Do any of the posters here know of any good and reliable stock screeners or sites for CANADIAN stocks??

Most of the screeners I have seen up here are pretty useless.

If you would share , it would be appreciated.

Thanks in advance.


----------



## FrugalTrader (Oct 13, 2008)

The only one I know is the globeinvestor screener. Unfortunately, it's not nearly as good as the US ones. Here is a recent article I wrote on the top Canadian Stock Screeners.


----------



## scomac (Aug 22, 2009)

FrugalTrader said:


> The only one I know is the globeinvestor screener. Unfortunately, it's not nearly as good as the US ones.


The GlobeinvestorGold Advanced Stock Filter is as good as the US ones, but, it's not free. Take the two week free trial to decide for yourself. 

FWIW, the portfolio tracking software is worth the annual subscription fee on its own. Everything else that you have access to is a bonus.


----------



## FrugalTrader (Oct 13, 2008)

scomac, do you have experience with the MSN portfolio tracker? If so, how does it compare to GlobeInvestorGold?


----------



## cwiebe (Sep 29, 2009)

I use the TDW (waterhouse) stock screener tools and the portfolio tracker. The portfolio is one of the few that handles dividend payments properly.


----------



## scomac (Aug 22, 2009)

FrugalTrader said:


> scomac, do you have experience with the MSN portfolio tracker? If so, how does it compare to GlobeInvestorGold?


No.


----------



## jamiechese (Jul 13, 2010)

I figure I would add my input/links on this topic....as I have come across a couple really neat websites for tracking investments aswell as stock screeners.

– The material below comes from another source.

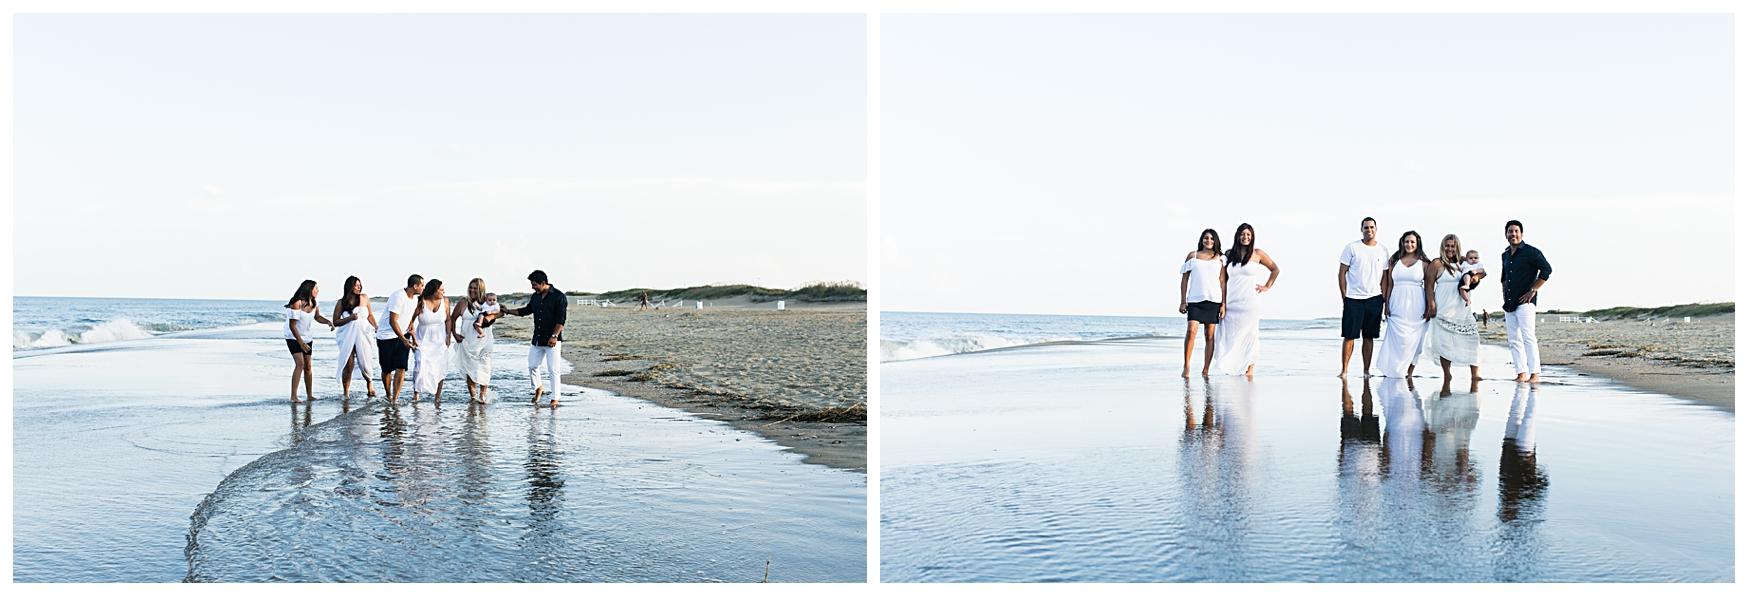 2015-09-15_0009.jpg

First off, I am in the process of opening up a Qtrade investment account and I will let you know how well their screener works, as I have heard in reviews it really is quite nice (along with their stock/investing research etc)

www.qtrade.ca

The next one is Stockhouse, I use this to track my "practice" portfolios....its pretty similar to most but it also offers a "Technical Stock Screener". Along with all the other awesome resources it has its a decent website.

www.stockhouse.com (For some reason I am having trouble accessing it, this is the first time since I found it that its gone down, unless its just on my end).

The second option would be to follow blogs/websites like Stingy Investor as he has some neat stock ideas, although remember to always do your own research. 

www.ndir.com


Note: I use these sites personally although your experience may differ


----------